The dynamical core, often referred to as the heart of atmospheric models, is responsible for numerically solving the primitive equations. The model utilizes the advanced “ENDGame” (Even Newer Dynamics for General Atmospheric Modeling of the Environment) dynamical core. The accuracy of weather predictions in NWP models heavily depends on the initial conditions, known as the analysis, which are generated through data assimilation (DA). NCMRWF adopted the advanced 4D-Var data assimilation system from the UK Met Office for operational use in April 2012. In October 2016, the NCUM data assimilation system was further upgraded to the “Hybrid 4D-Var” approach, developed under the “UM Partnership.”

In this present study, we analyzed NCUM-G products to understand the curvature of the Mocha cyclone toward the northeast; it made landfall over Myanmar, which is a very rare case after the Nargis cyclone in 2008 [24]. The number of TCs that made landfall in Myanmar coast is very limited. The NCUM global model’s output can give a better understanding of the mechanism and cause of curvature and steering flow over BIMSTEC countries.

The merged rainfall dataset followed by Mitra et al. [25] was used to validate the rainfall. For upper air observations, radiosonde datasets at Chittagong meteorological station at latitude/longitude of 22.35° N; 91.81° E were used for the validations of the NCUM analysis and forecast. However, IMD’s best tracks and CIRA (https://rammb.cira.colostate.edu/ accessed on 2 January 2025) were used for validation.

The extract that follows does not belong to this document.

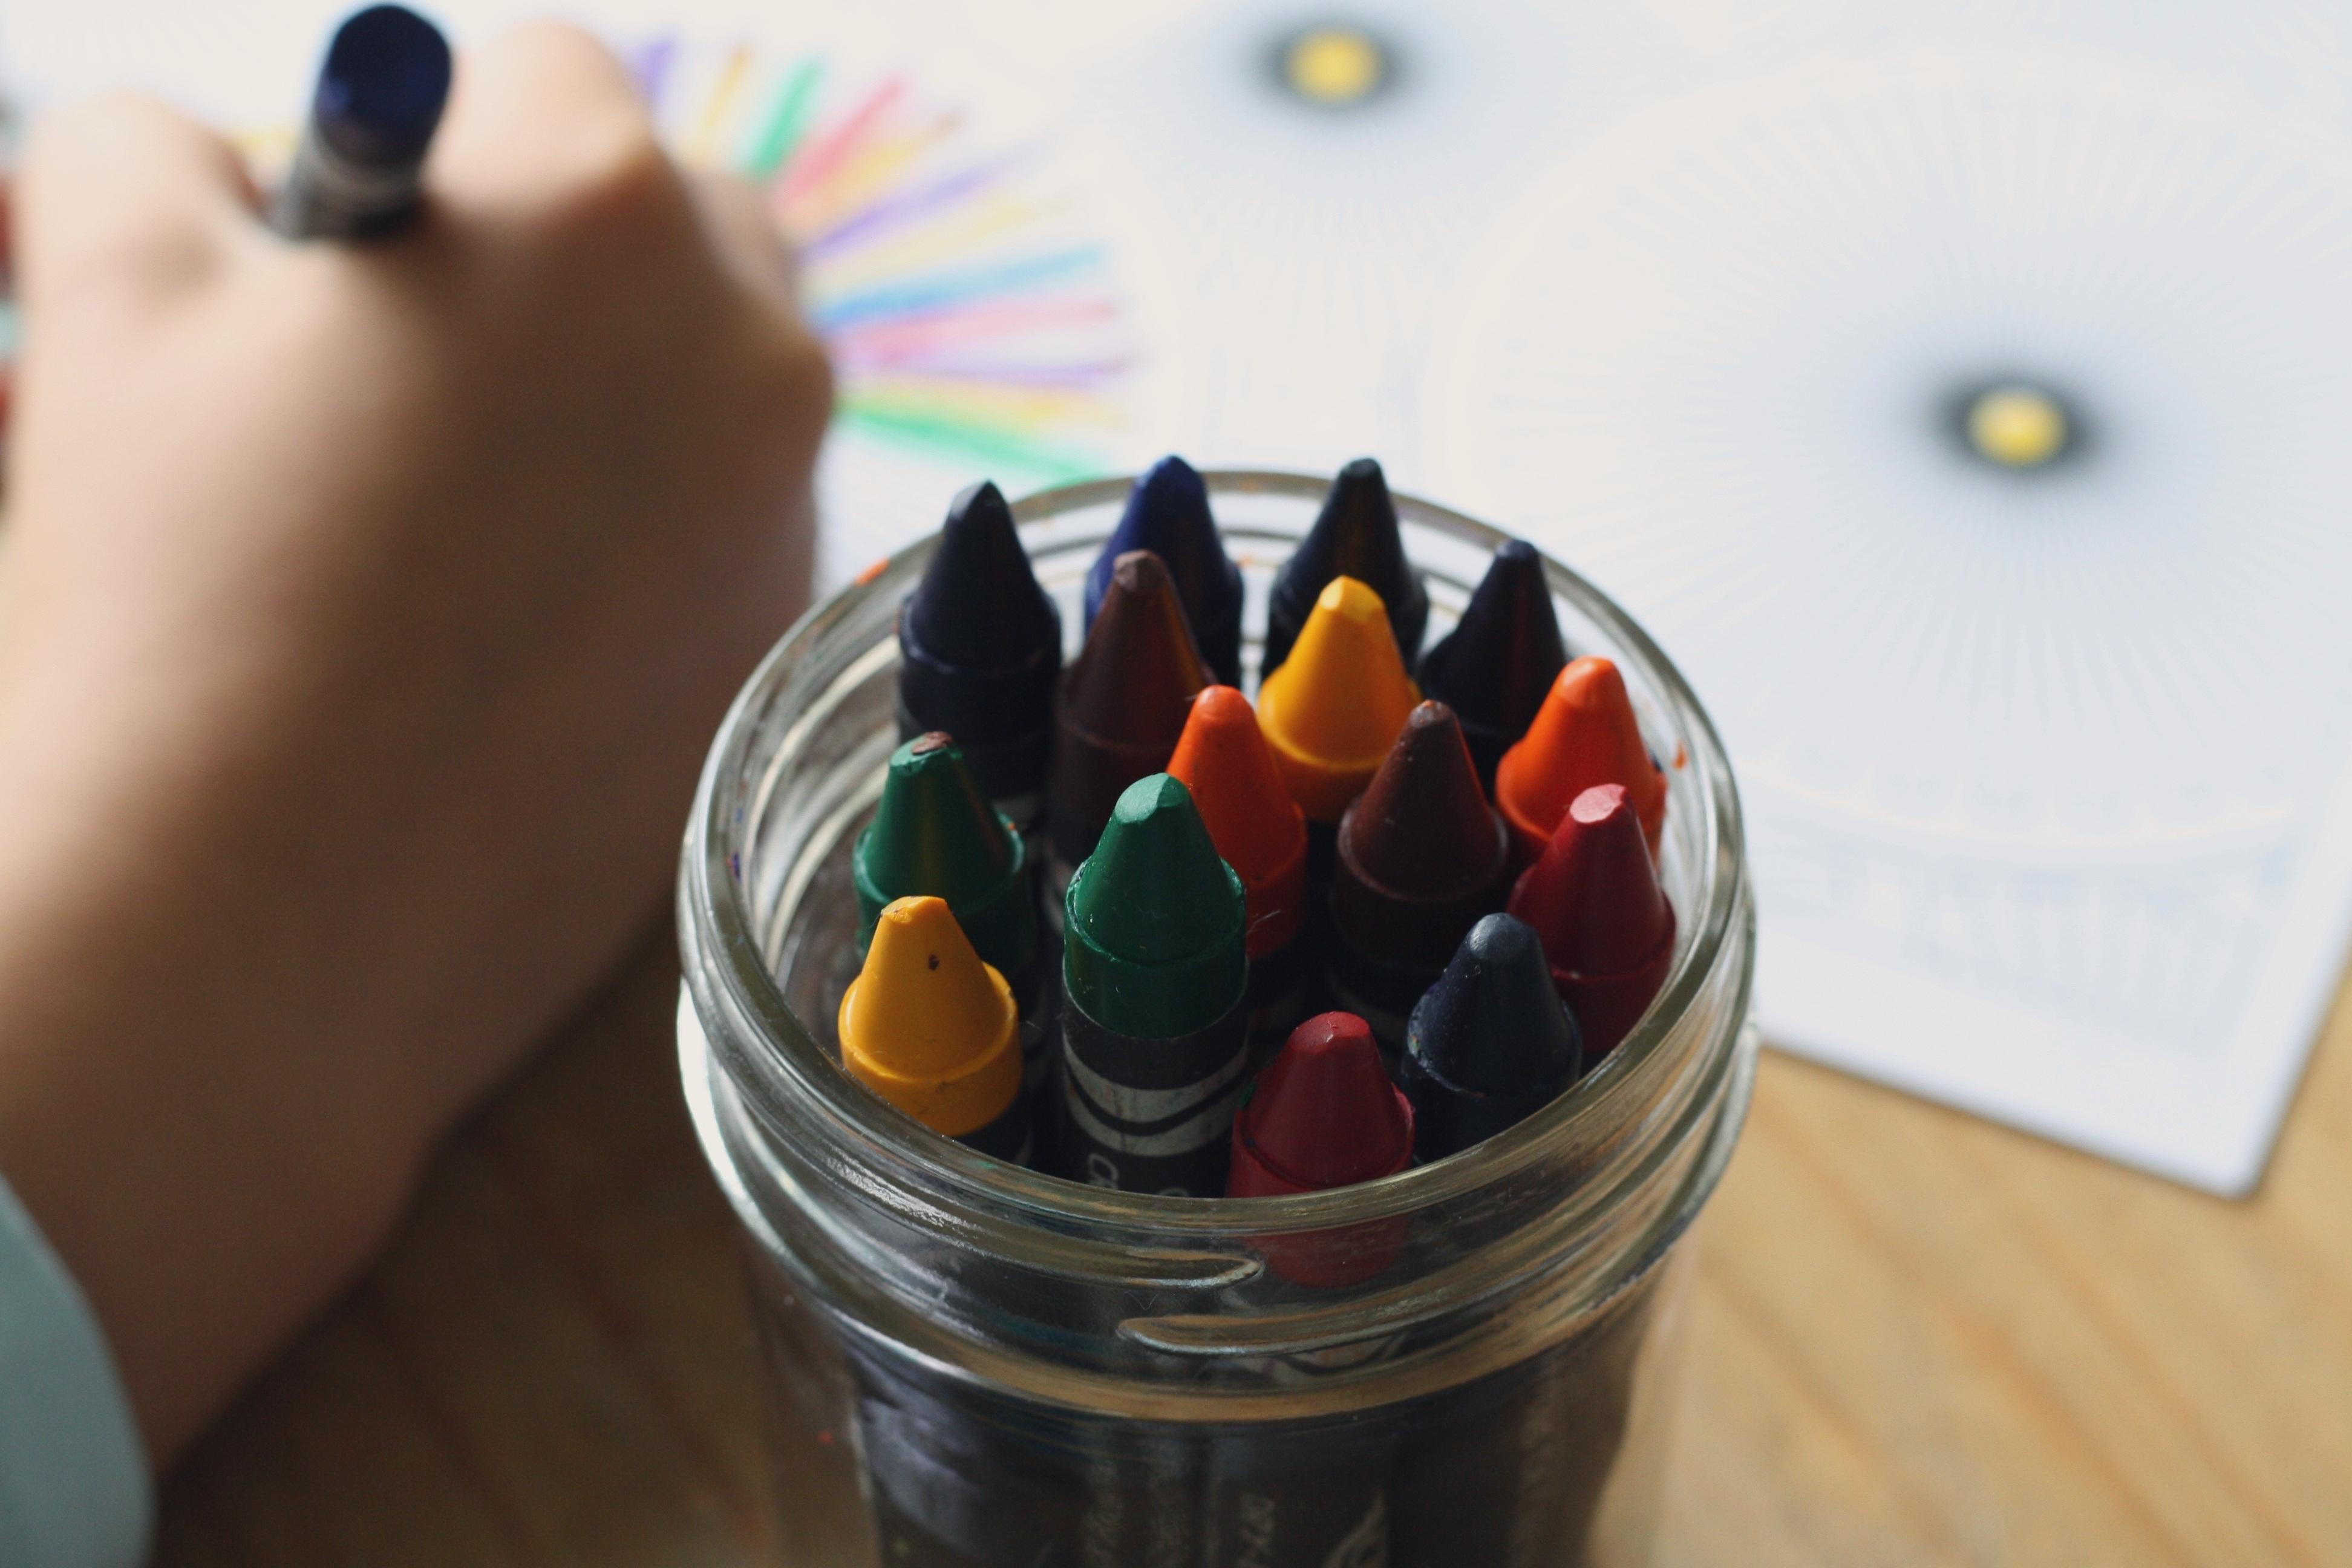 Fotos gratis : mano, creativo, niño, dedo, azul, jugando, vistoso ...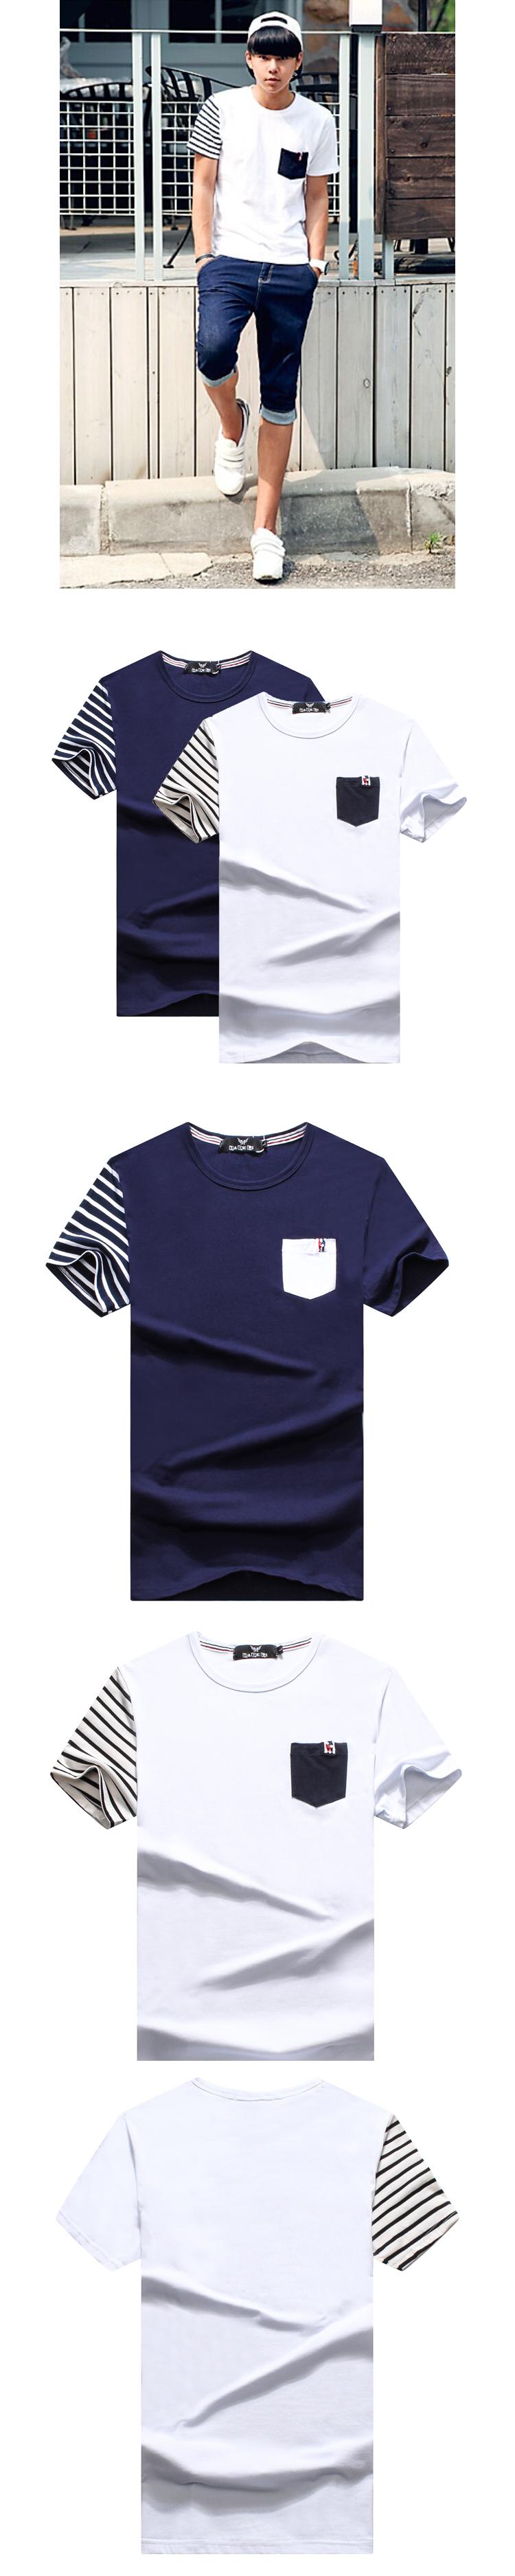 T恤.班服.潮T.最佳情侶裝.純棉短T.單袖線條國旗釦【M50205】可單買.艾咪E舖

TCHP is a measure of the ocean’s heat content, calculated by integrating the heating from the surface down to the depth where the temperature reaches 26 °C, referred to as D26 [26]. For the TCHP computation, we utilized ocean temperature and salinity datasets from the Copernicus Marine Service (https://doi.org/10.48670/moi-00016 accessed on 2 January 2025). This analysis product, with a spatial resolution of 1/12 degree, provides 10-day three-dimensional global ocean forecasts that are updated on a daily basis. For the atmospheric variables, including 10 m wind speed and relative humidity, we used ECMWF ERA5 reanalysis data [27]. The dataset, initially available at a 0.25° spatial resolution with an hourly temporal resolution, has been converted to a daily mean. This study uses daily SST data from NOAA OISST v2.0, which is provided at a 0.25° spatial resolution [28].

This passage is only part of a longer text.